К последней акции виленская администрация подступилась очень близко в августе 1866 года. Витебский губернатор В.Н. Веревкин запросил разрешение Кауфмана на немедленный вывоз останков Боболи в католический Аглонский монастырь на границе Динабургского и Режицкого уездов, место ссылки неблагонадежных и провинившихся клириков. Веревкин предусматривал специальные, в характерном духе Polizeistaat, меры предосторожности против дальнейшей циркуляции «суеверий»: настоятелю костела предписывалось сопровождать гроб до могилы в монастыре, могила же «по опущении тела должна быть засыпана толстым слоем извести и заделана в присутствии назначенных для сего лиц». (Можно предположить в этом сценарии отголосок символического отождествления «полонизма» с вампиром
[986].) Кауфман сначала утвердил это предложение, но уже на следующий день передумал и распорядился «повременить» с окончательной развязкой. Его новая, по обыкновению подробно изложенная резолюция гласила: «…желательно бы похоронить [останки] в православном монастыре, ибо, во-первых, есть сомнение в том, был ли Андрей Боболи[й] иезуит, замученный казаками, или православный священник, замученный поляками, как говорят другие; во-вторых, монахи Аглонского монастыря могут, несмотря на надзор за ними, придумать какой-нибудь новый ложный слух о новом появлении тела Боболи или об оказываемых им чудесах»

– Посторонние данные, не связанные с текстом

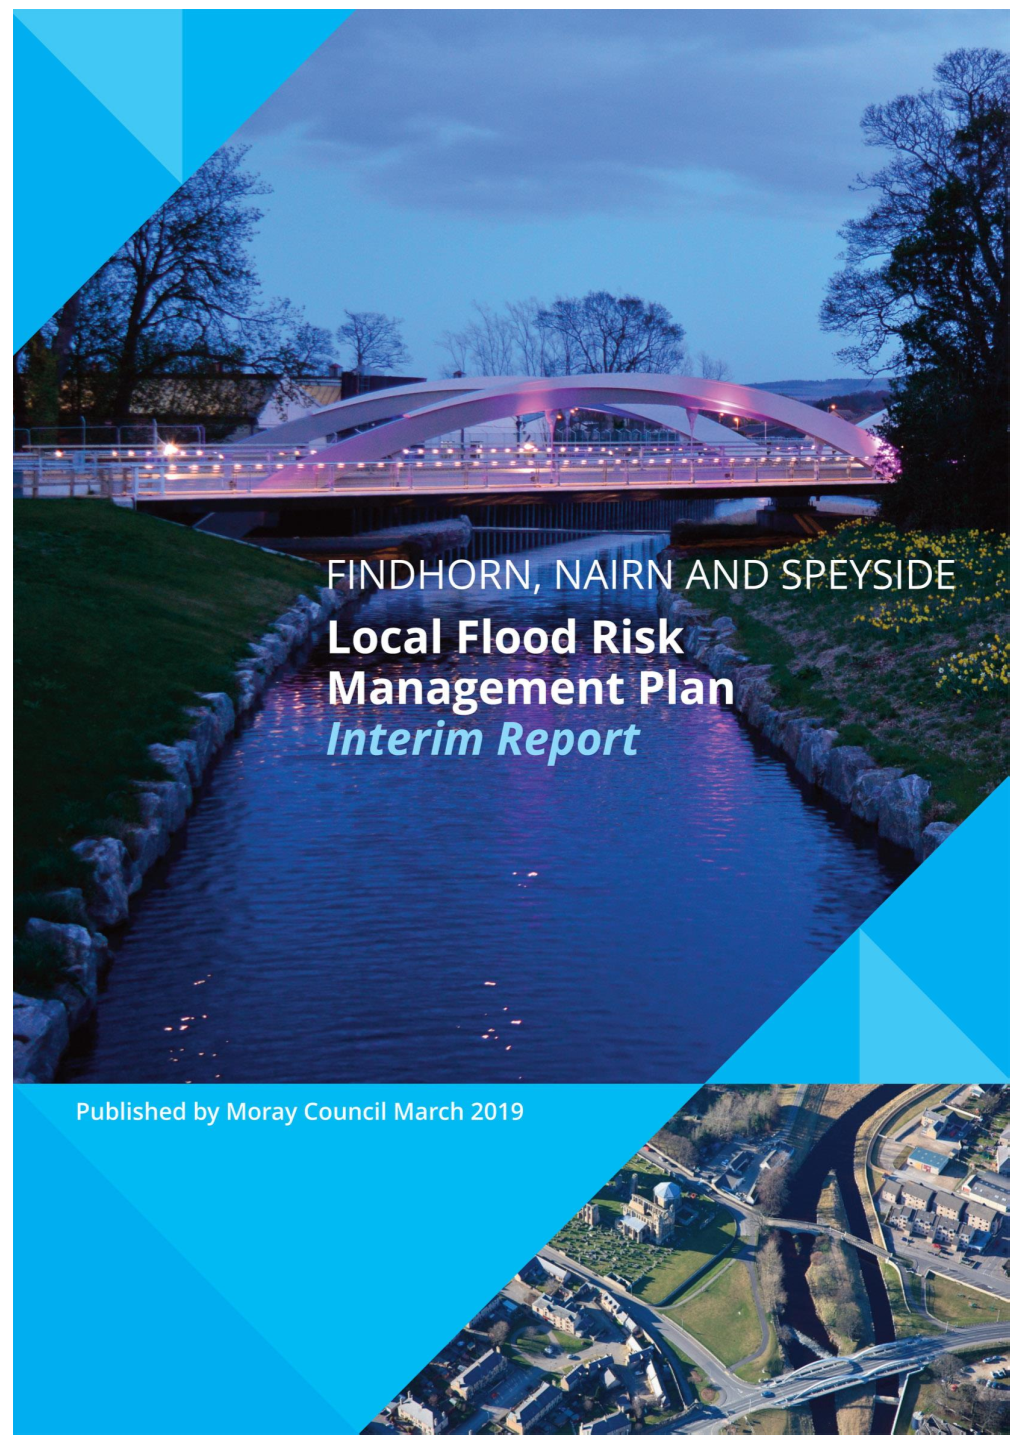 Findhorn, Nairn and Speyside Local Flood Risk Management Plan 2016-2022: Interim Report

[987]. Итак, генерал-губернатор удержался от соблазна бороться с распространенными в массе населения верованиями при помощи негашеной извести. Правда, устойчивость веры католиков в чудо по-прежнему приписывалась не подлинной религиозности паствы, а проискам и спекуляциям духовенства. Действенным средством против последних мыслился такой нарратив об историческом происхождении той или иной святыни, который легитимировал бы ее «экспроприацию» в пользу православной церкви.
* * *
Если культ Боболи, несший специфически католические черты, не поддался присвоению, то в отношении некоторых чудотворных икон ту же методу применить было легче. Вообще, проблема почитания чудотворных икон выходила за рамки кампании по ограничению и регламентации католической обрядности. Это был источник напряженности и трений внутри самого православного сообщества. Как показывает в недавнем исследовании православной народной религиозности в позднеимперской России Вера Шевцов, значительная часть православного клира испытывала недовольство чрезмерной активностью собственной паствы в чествовании и популяризации чудотворных икон. При этом православному духовенству был чужд протестантский, философски или теологически обоснованный скепсис относительно природы чуда как такового. Придирчивые синодальные инспекции икон, даже истово чтимых местными жителями, были вызваны сомнениями не в возможности чудес, а в способности мирян отличить подлинные чудеса, вмешательство Божественной воли от имитаций, обманов и просто случайности
[988]. Конфликты вокруг икон являлись столкновением разных понятий о высшем духовном авторитете в церкви и организации внутрицерковной жизни. К концу XIX века, вследствие усиления группового самосознания мирян на уровне прихода или селения, такие конфликты происходили все чаще. Миряне не соглашались подчинять благость явленного им чуда экспертизе духовной консистории или самого епископа и возмущались приемами из арсенала секулярной науки, применявшимися в ходе обследования (например, анализом состава воды в источнике у иконы). Представители же клира делали все, чтобы удержать за собой монополию на распознание чудес и знамений и признание их состоявшимися в действительности. Собрания верующих у местночтимых икон, особенно размещенных вне церковных стен, рассматривались как потенциальный зародыш сектантства. Соответственно, термин «суеверие», столь часто звучавший в отзывах клира о самовольно чтимых паствой культах, относился не к вере в сверхъестественное, а к убеждению мирян в том, что они независимо от своих пастырей могут удостоиться созерцания подлинного чуда
[989]. Та же уничижительная риторика, но в еще более жестком, с вольтерьянскими обертонами, изводе использовалась, как мы видели выше, в отчетах православных священников об обозрении католических святынь. В этом случае спор об исключительном праве на лицезрение и переживание чуда (но, опять-таки, не спор о реальности чудес в принципе) переносился из сферы взаимоотношений между православными клиром и мирянами в контекст конфронтации православия и католицизма
[990].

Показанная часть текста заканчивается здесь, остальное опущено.